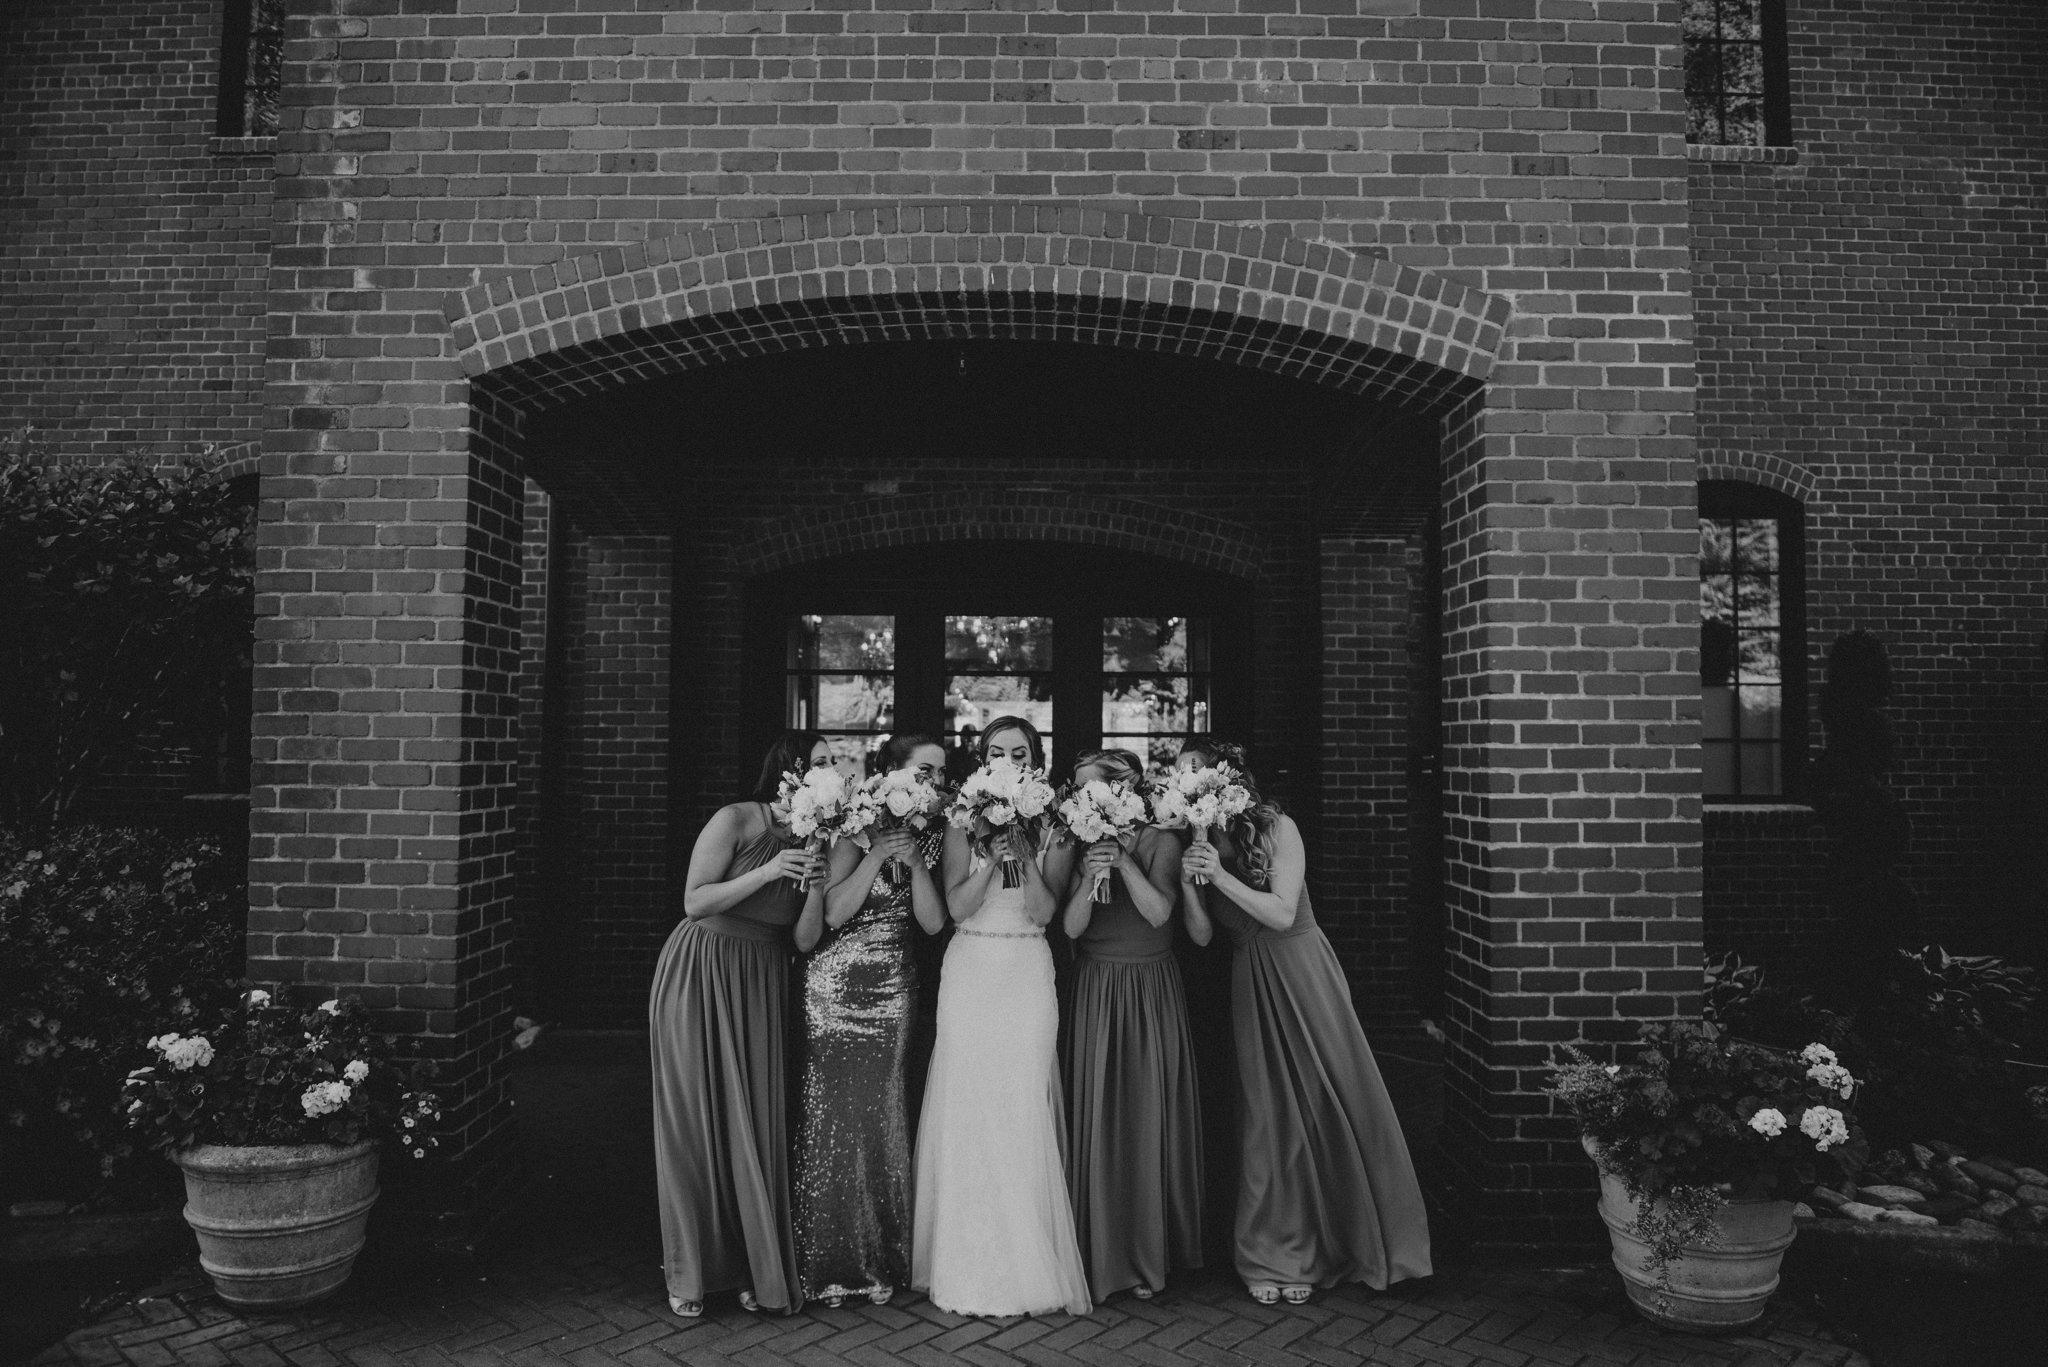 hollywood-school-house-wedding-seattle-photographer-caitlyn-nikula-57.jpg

□ □ □ □ □ □ □

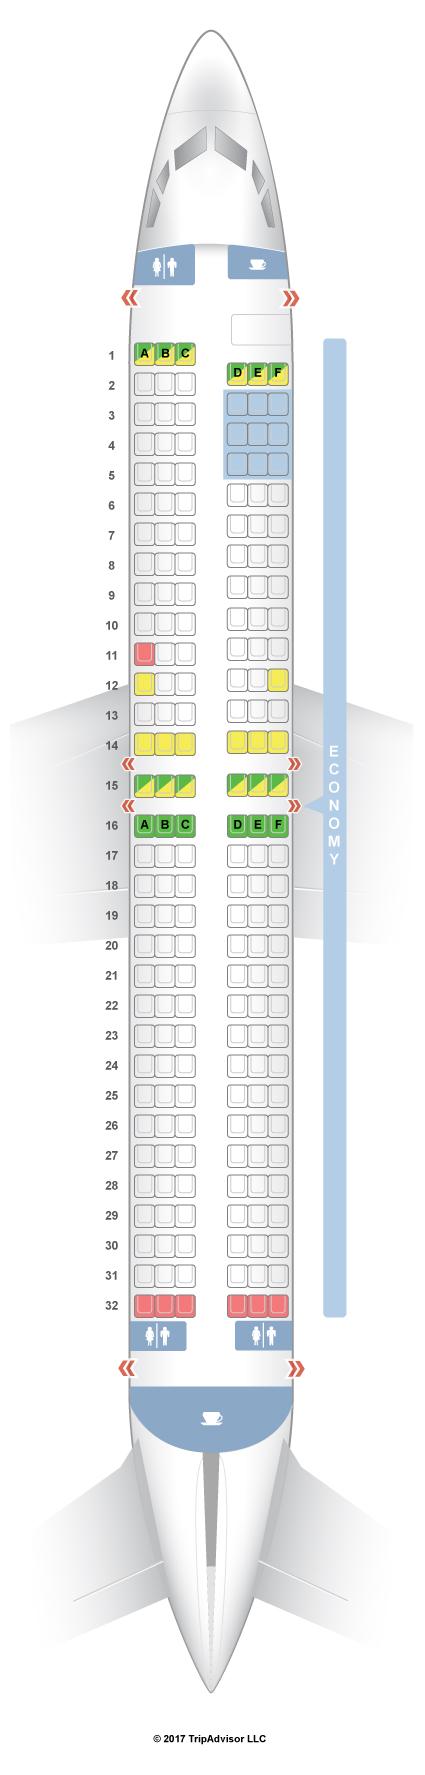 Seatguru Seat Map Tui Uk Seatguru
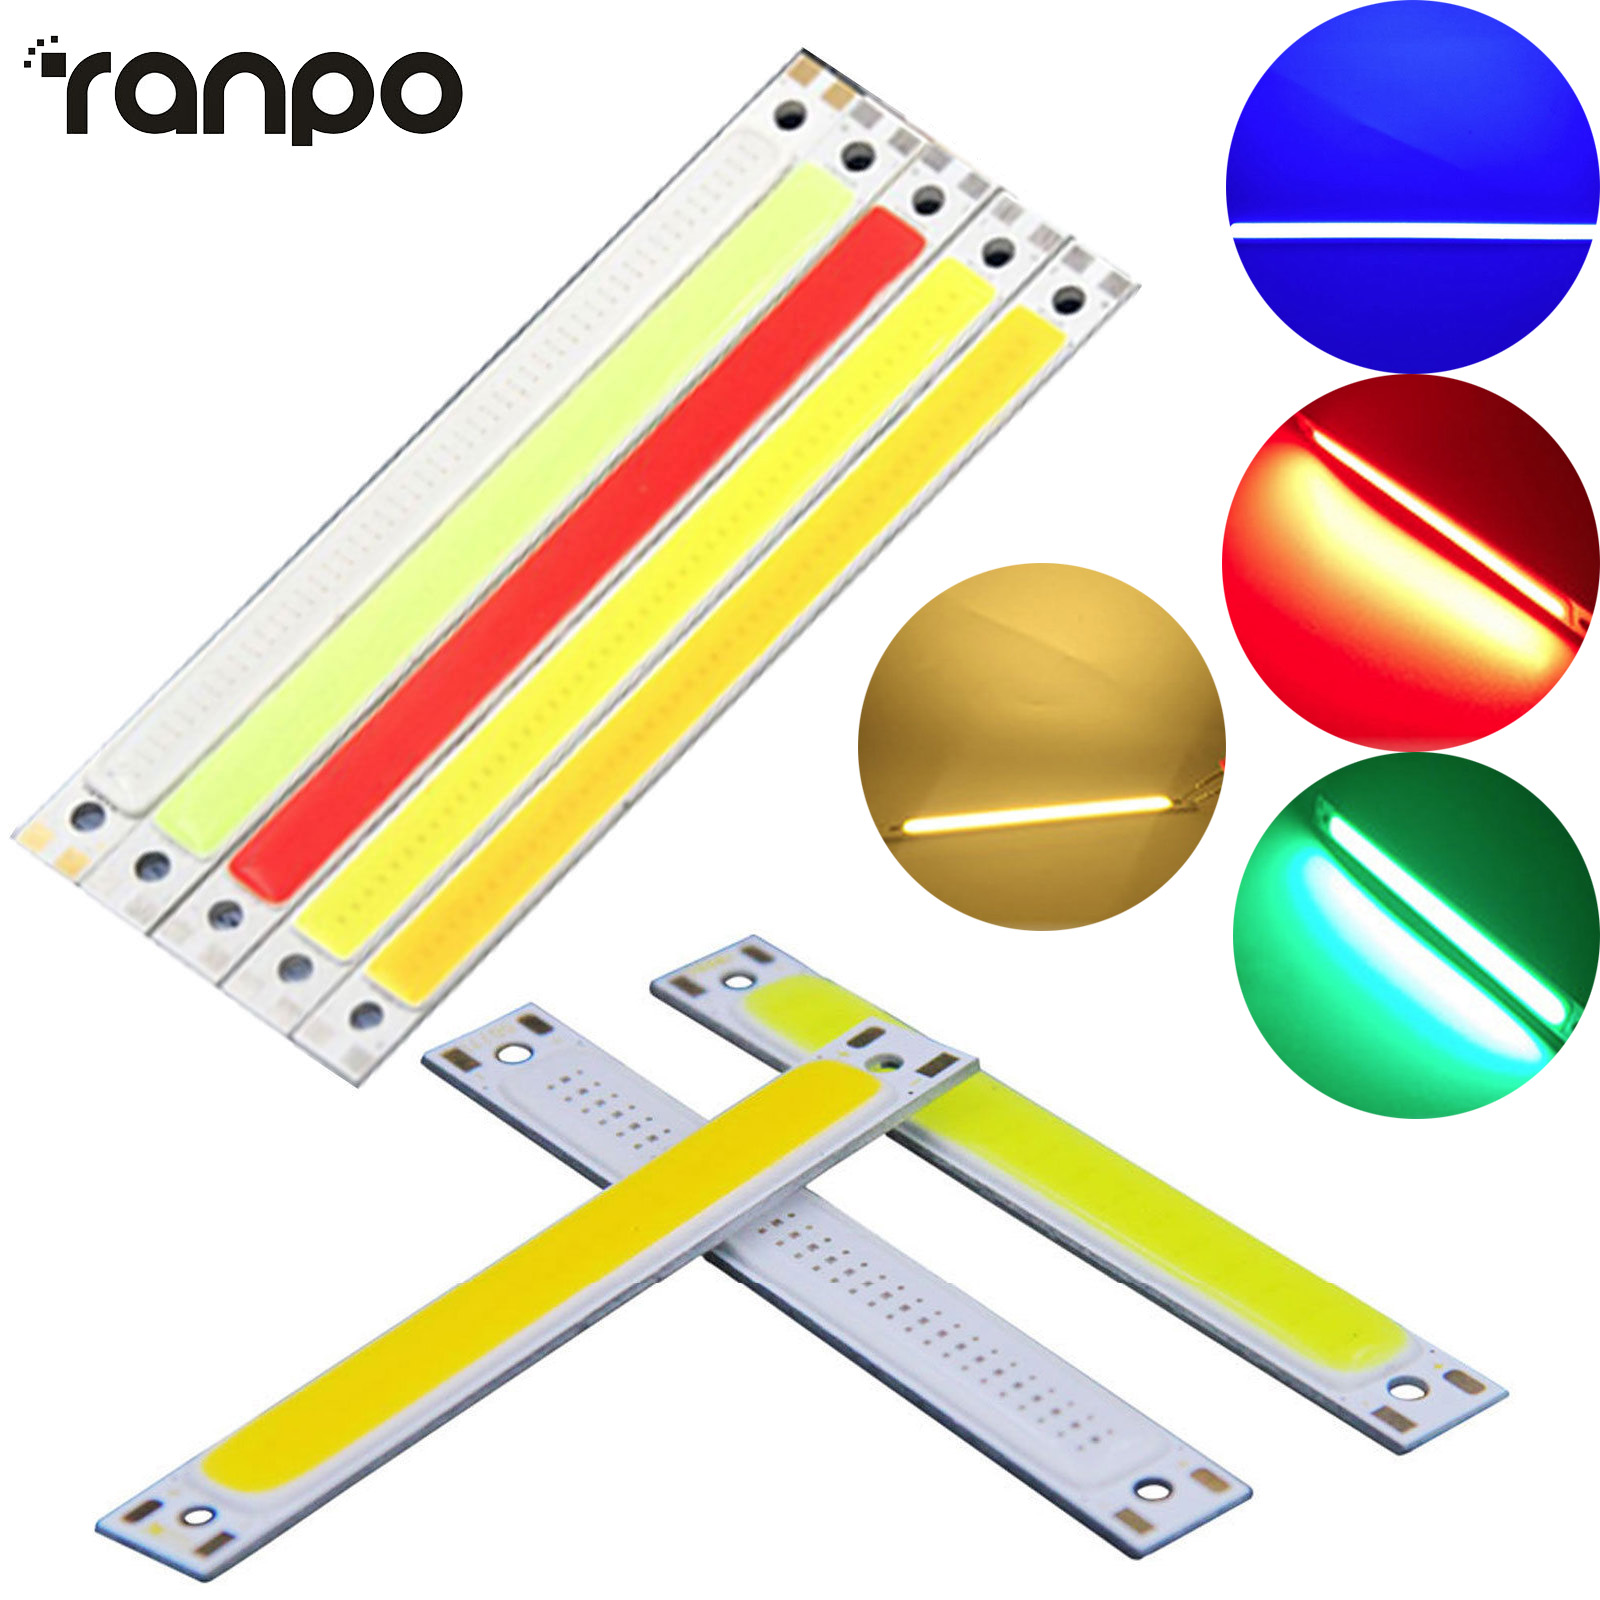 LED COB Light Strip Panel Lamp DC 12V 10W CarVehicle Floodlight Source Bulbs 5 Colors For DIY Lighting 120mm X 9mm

□ □ □ □ □ □ □

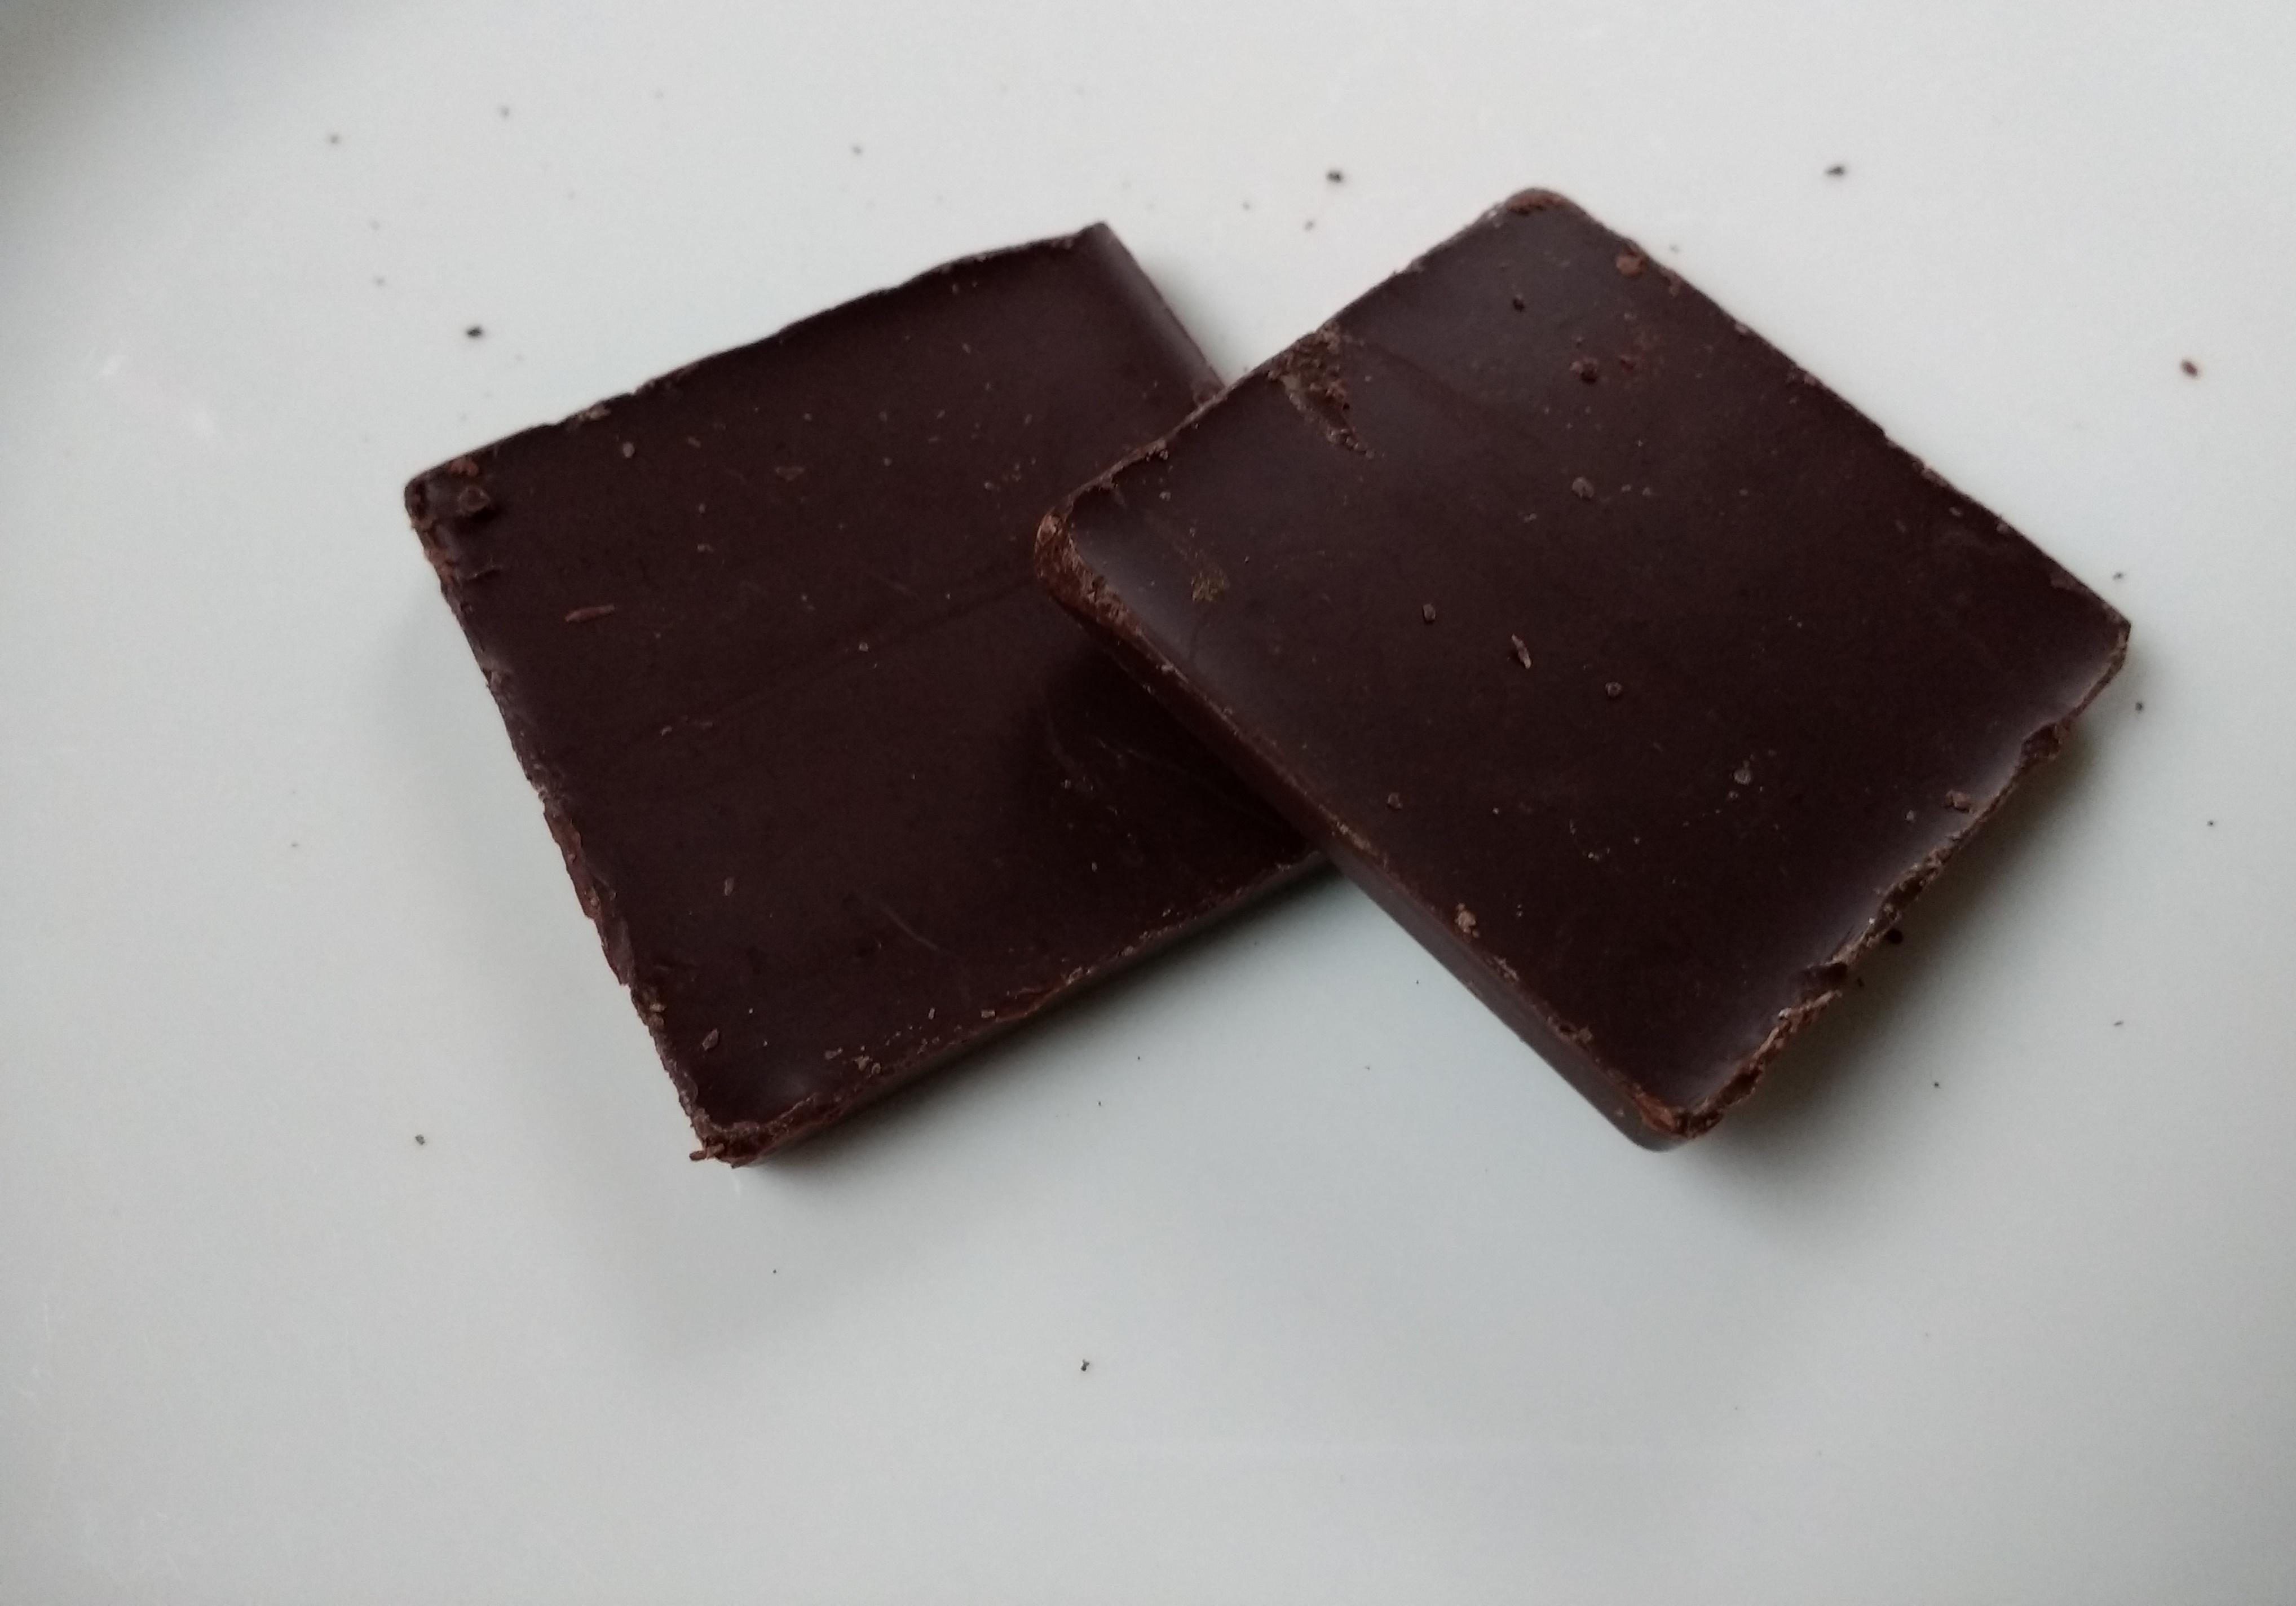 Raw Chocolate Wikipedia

□ □ □ □ □ □ □

Now transcribe the lines above exactly, starting at the line containing "Seatguru Seat Map Tui Uk Seatguru" and ending at the line containing "LED COB Light", both lines included, pictures excluded.

ANSWER SECTION ▸
 Seatguru Seat Map Tui Uk Seatguru
 LED COB Light Strip Panel Lamp DC 12V 10W CarVehicle Floodlight Source Bulbs 5 Colors For DIY Lighting 120mm X 9mm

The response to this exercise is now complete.